— TASK REQUIREMENTS —
What is needed is an exact transcription of the listing, with the images removed.

— GIVEN DATA —
————————
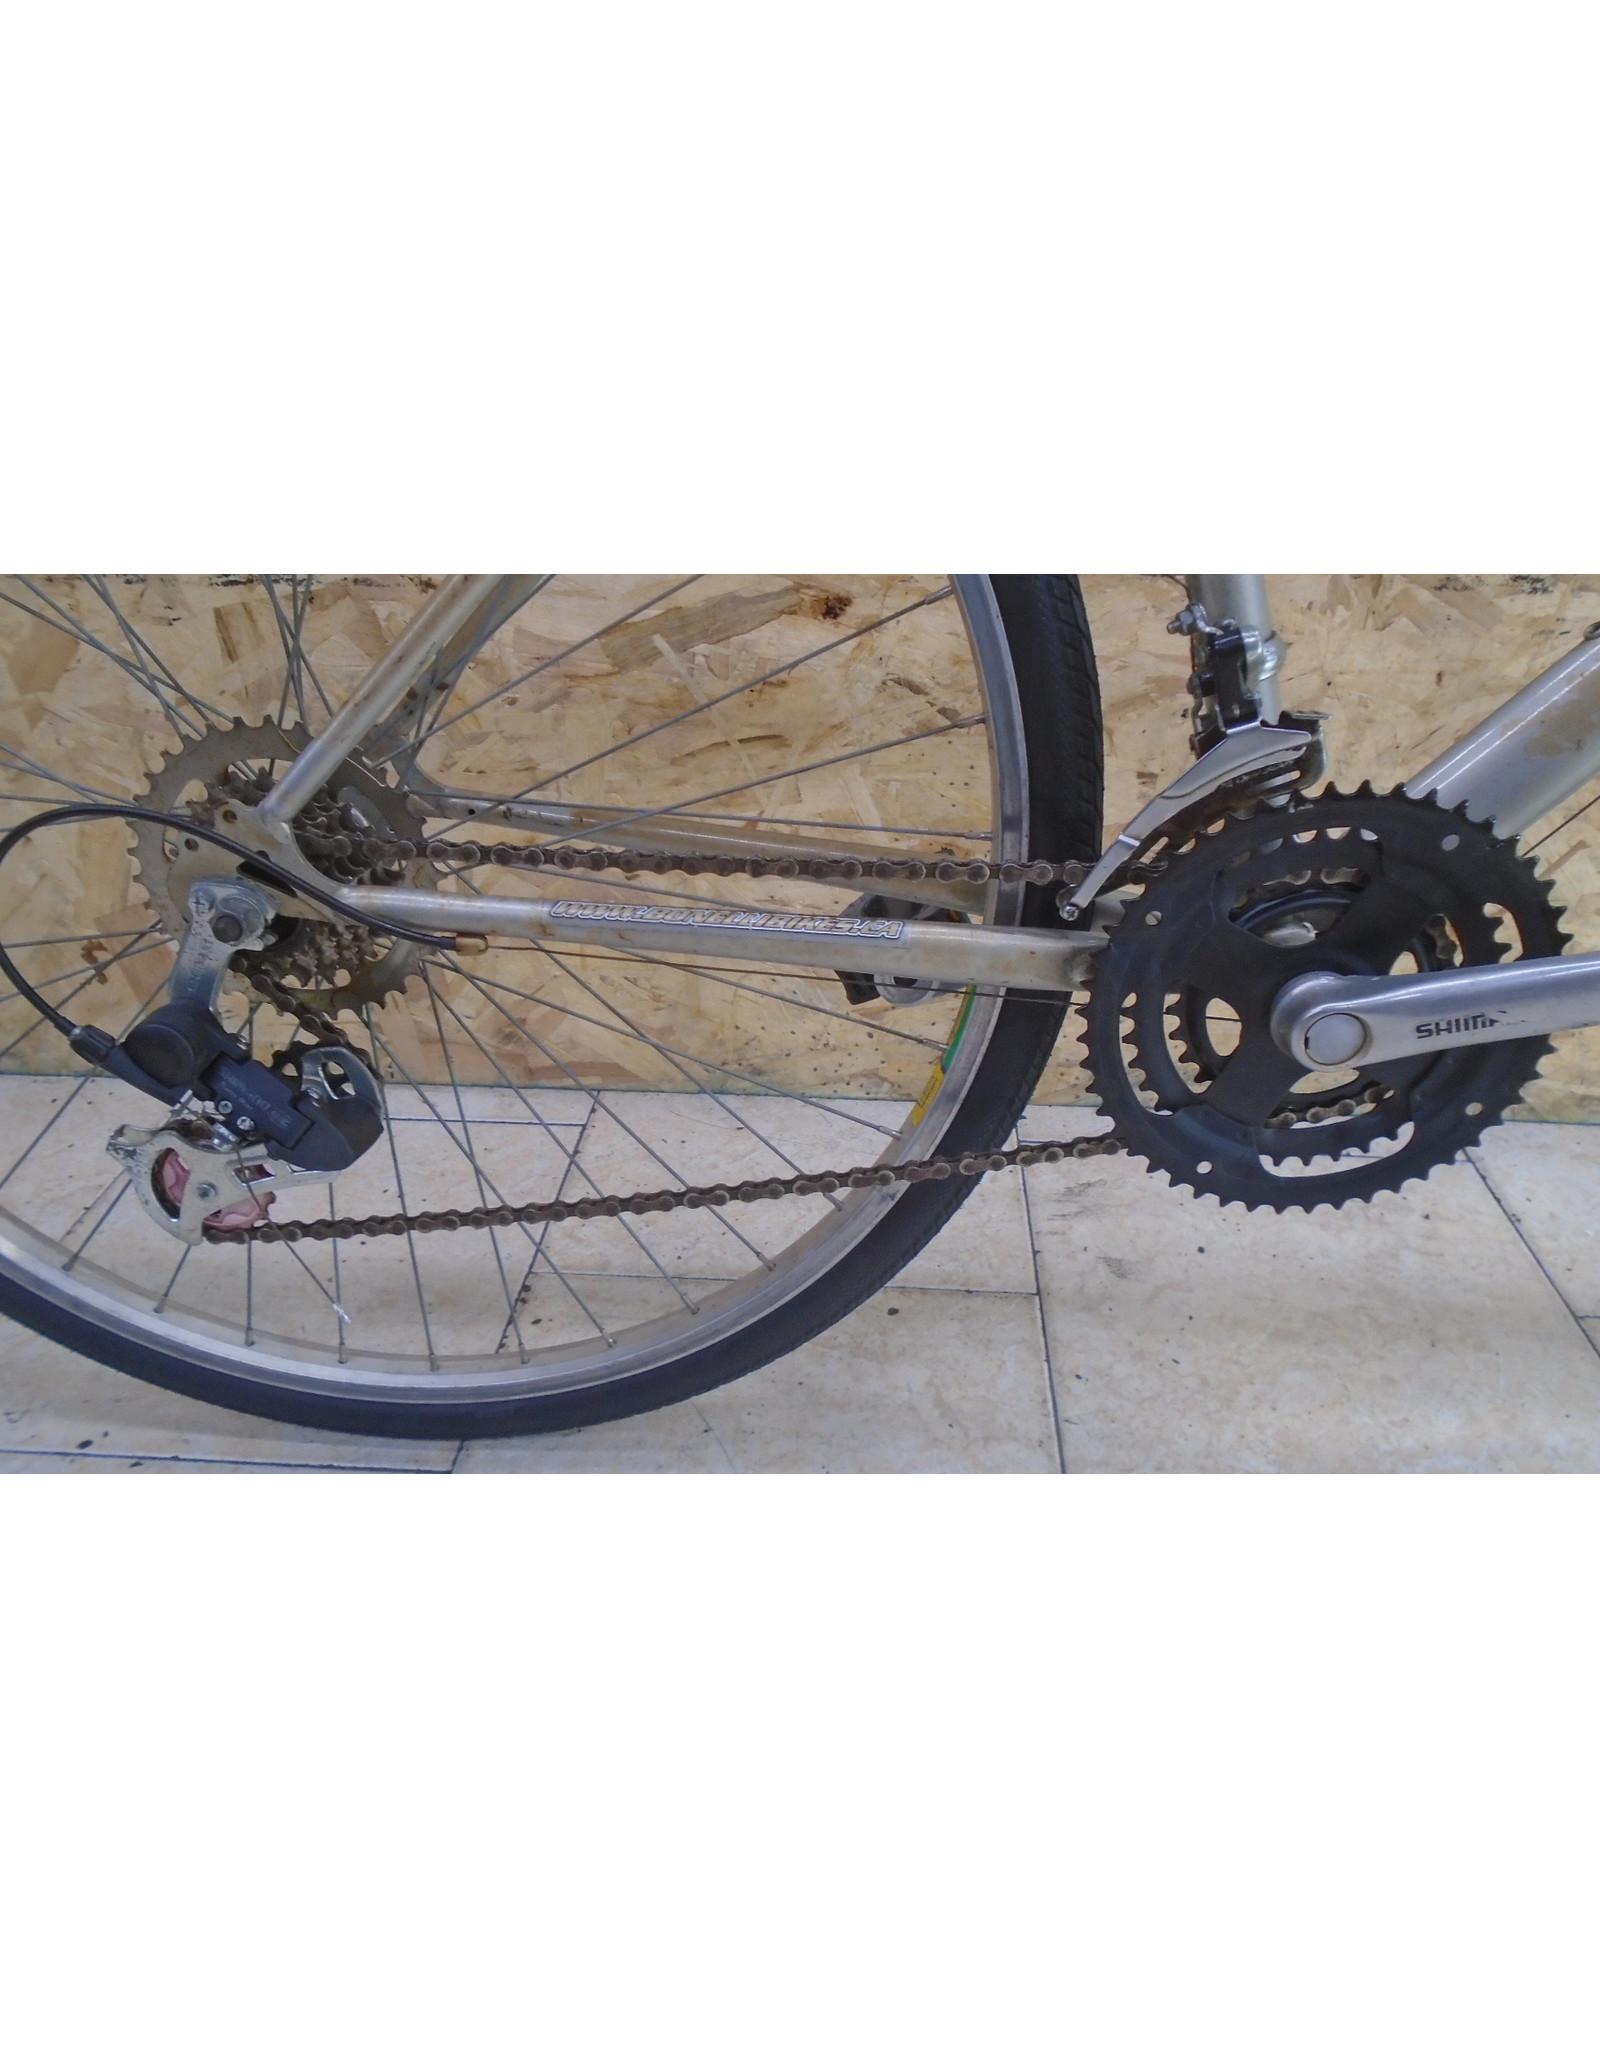 "Vélo usagé hybride Bonelli 18"" - 10126"
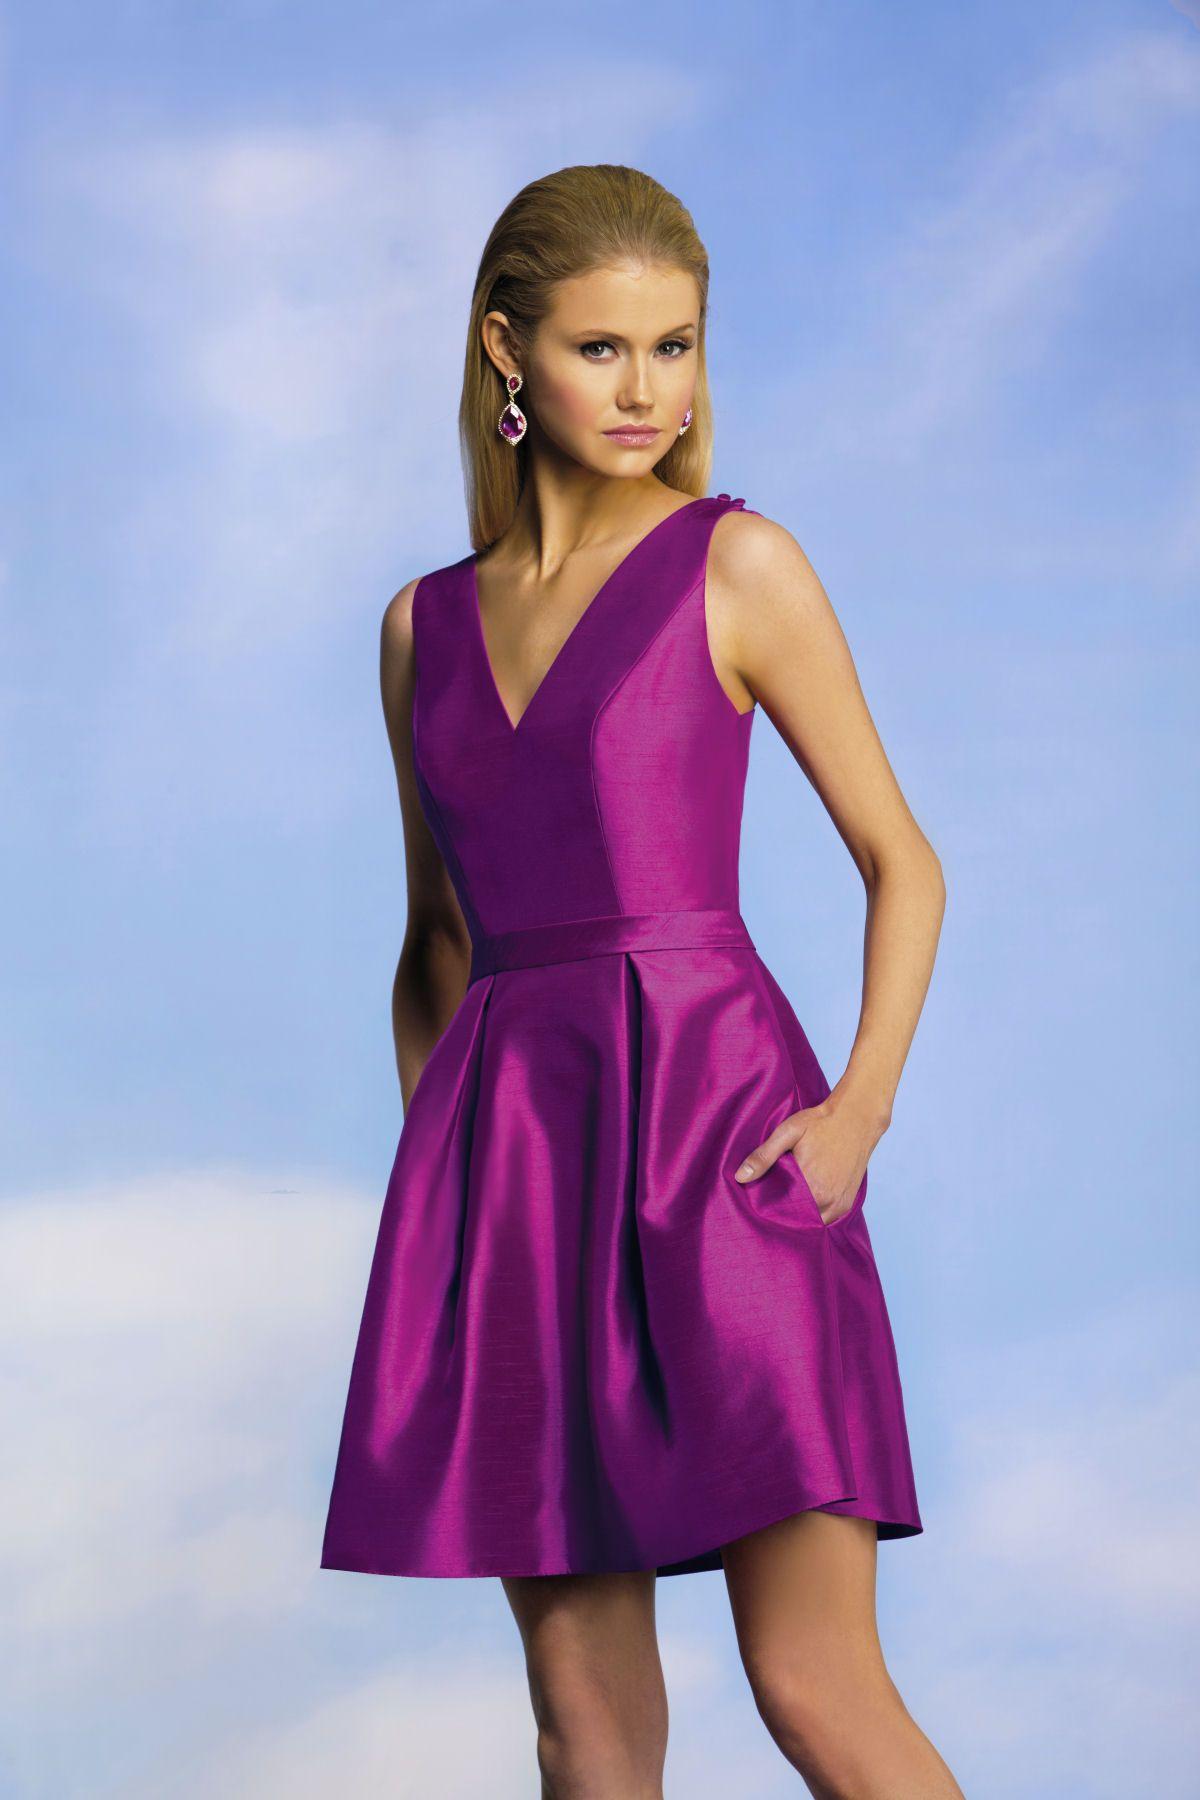 Plus Size Bridesmaid Dresses: 29 Gorgeous Styles | Forma, Boda y ...
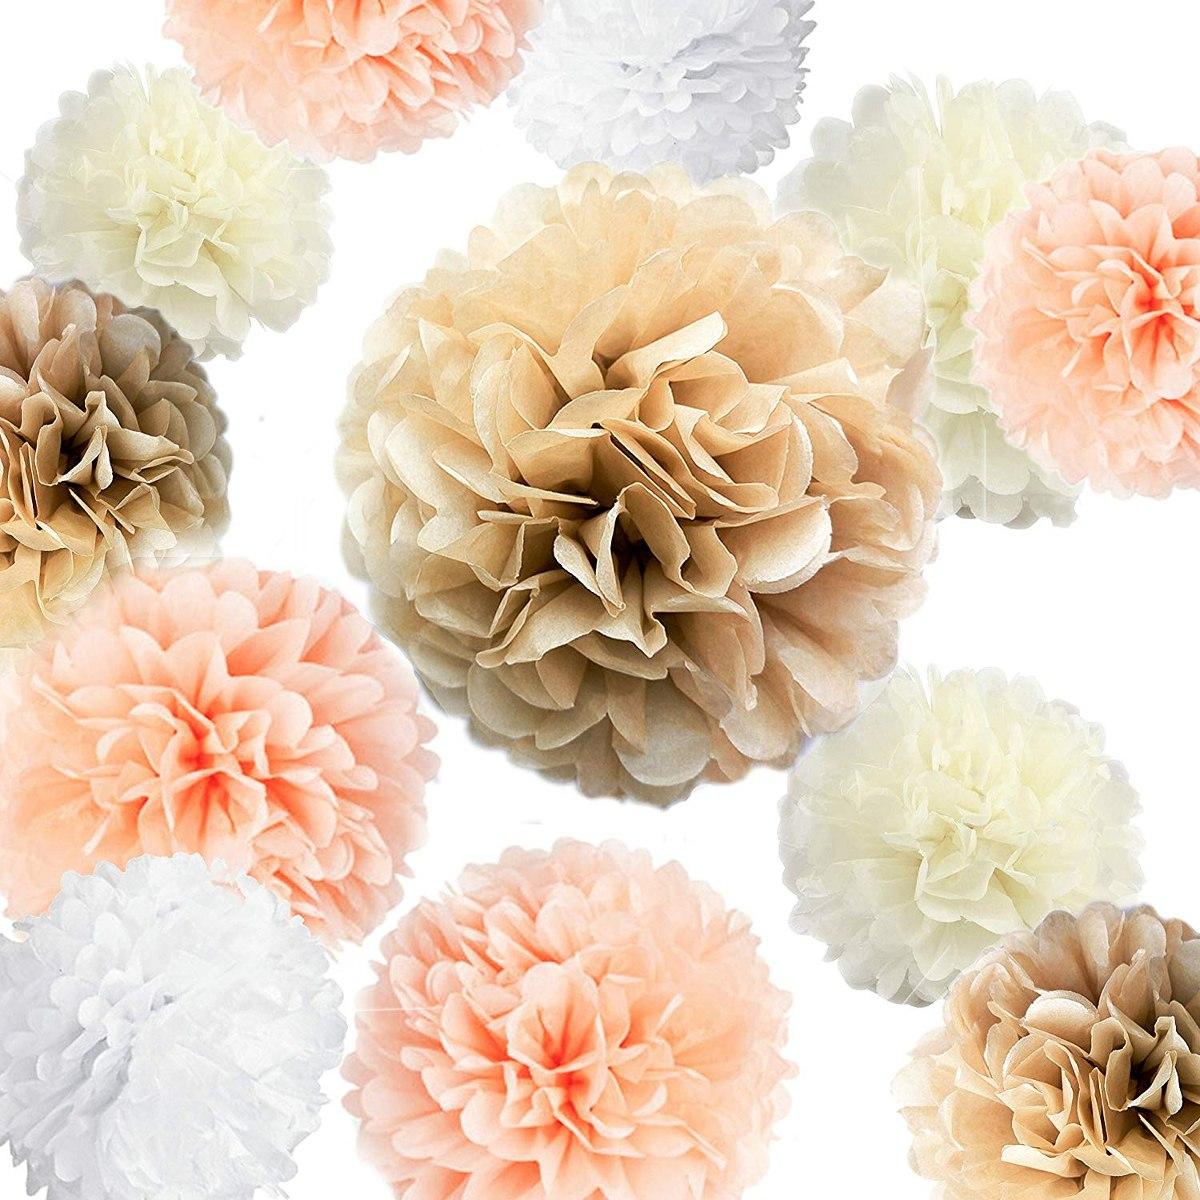 3 Easy Designs of Crafts Out Otissue Paper Vidal Crafts 20 Pcs Party Tissue Paper Pom Poms Set 14 10
————————
— SOLUTION FOR THIS EXERCISE —
 "Vélo usagé hybride Bonelli 18"" - 10126"
 Plus Size Bridesmaid Dresses: 29 Gorgeous Styles | Forma, Boda y ...
 3 Easy Designs of Crafts Out Otissue Paper Vidal Crafts 20 Pcs Party Tissue Paper Pom Poms Set 14 10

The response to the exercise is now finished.